Whole blood was incubated with antibody cocktail for 30 mins at 4°C followed by lysis of red blood cells by erythrocyte lysis buffer (Qiagen, Hilden, Germany). The cells were suspended in staining buffer (1% bovine serum albumin (Roche, Mannheim, Germany) in Dulbecco’s phosphate-buffered saline (PBS) (Gibco, Grand Island, NY, USA)) and treated with propidium iodide (PI) (BD Bioscience, Franklin Lakes, NJ, USA). The cell suspensions were then analyzed on a flow cytometer (Fortessa X-20) (BD Bioscience, Franklin Lakes, NJ, USA) and marker surface expression was recorded on CD16+ granulocytes as median fluorescence intensity (MFI).
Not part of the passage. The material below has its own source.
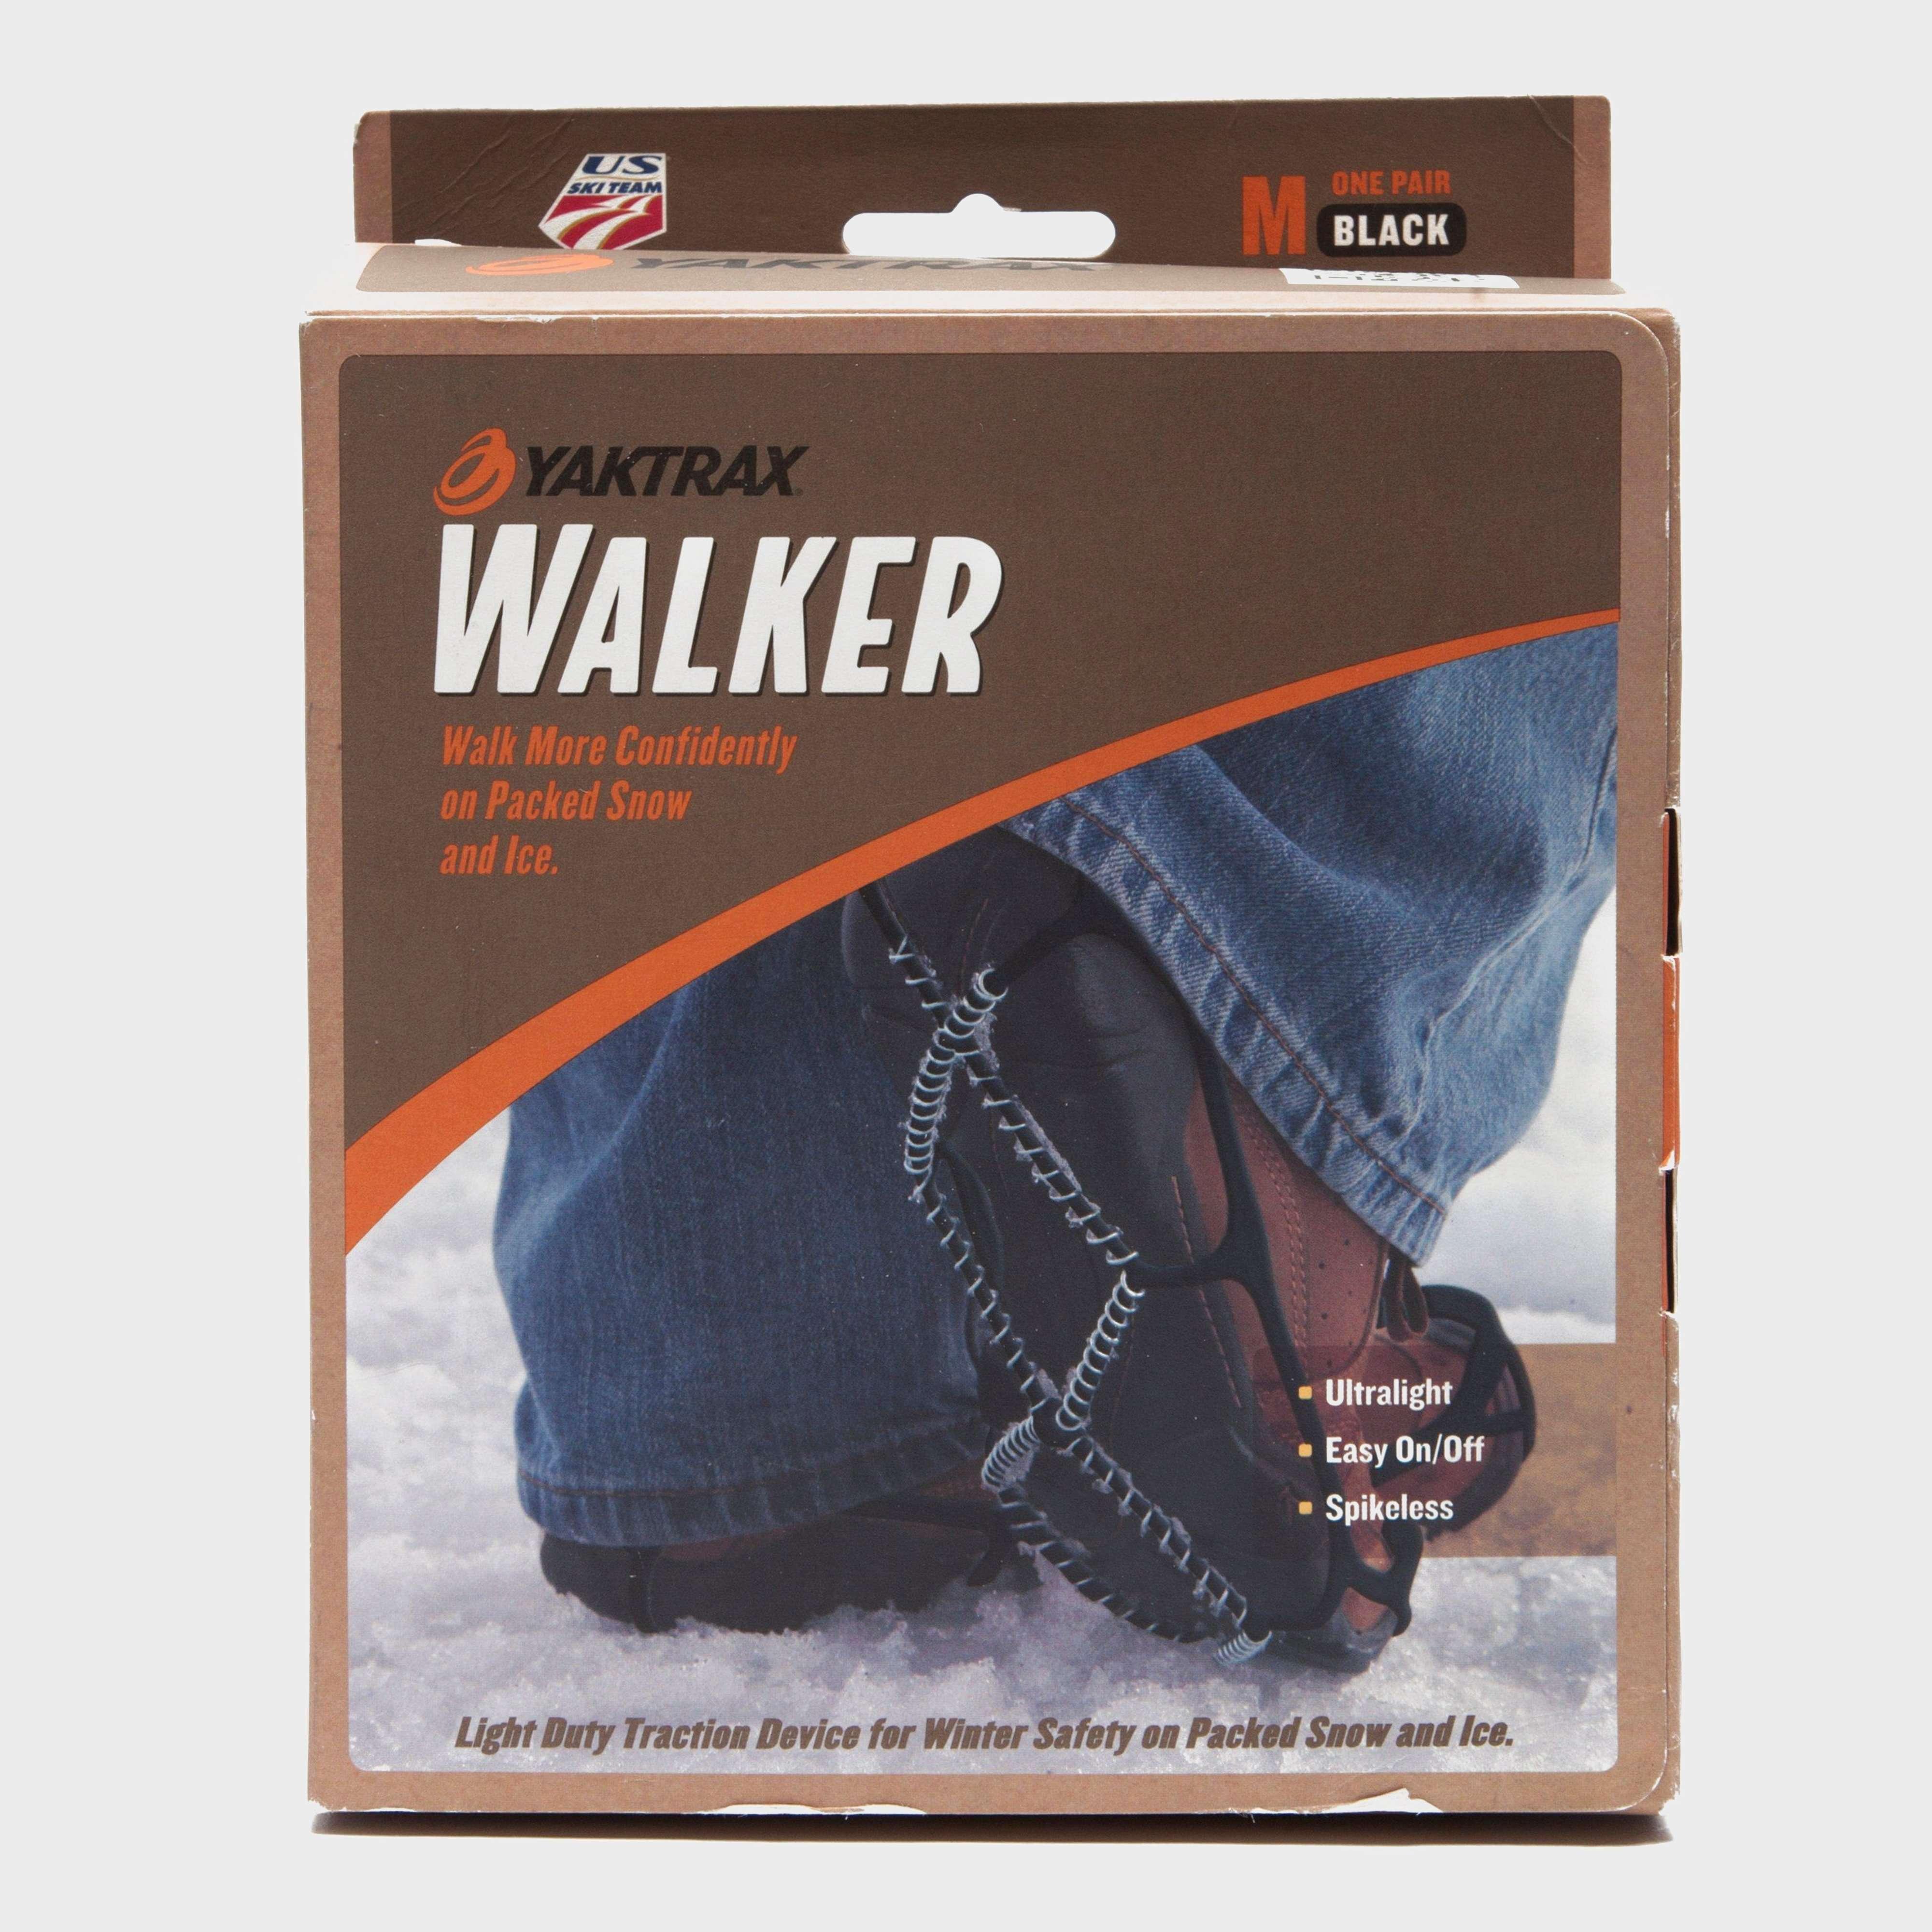 YAKTRAX Walker Snow Grips

Data were analyzed using FlowJo version 10.5.3 (BD Bioscience, Franklin Lakes, NJ, USA).

Gating Strategy For Neutrophil Subset Characterization

The neutrophil subsets were gated and characterized based on dim and bright expression of CD16 and CD62L as previously described.21 Gate assignment was undertaken blinded to sample ID.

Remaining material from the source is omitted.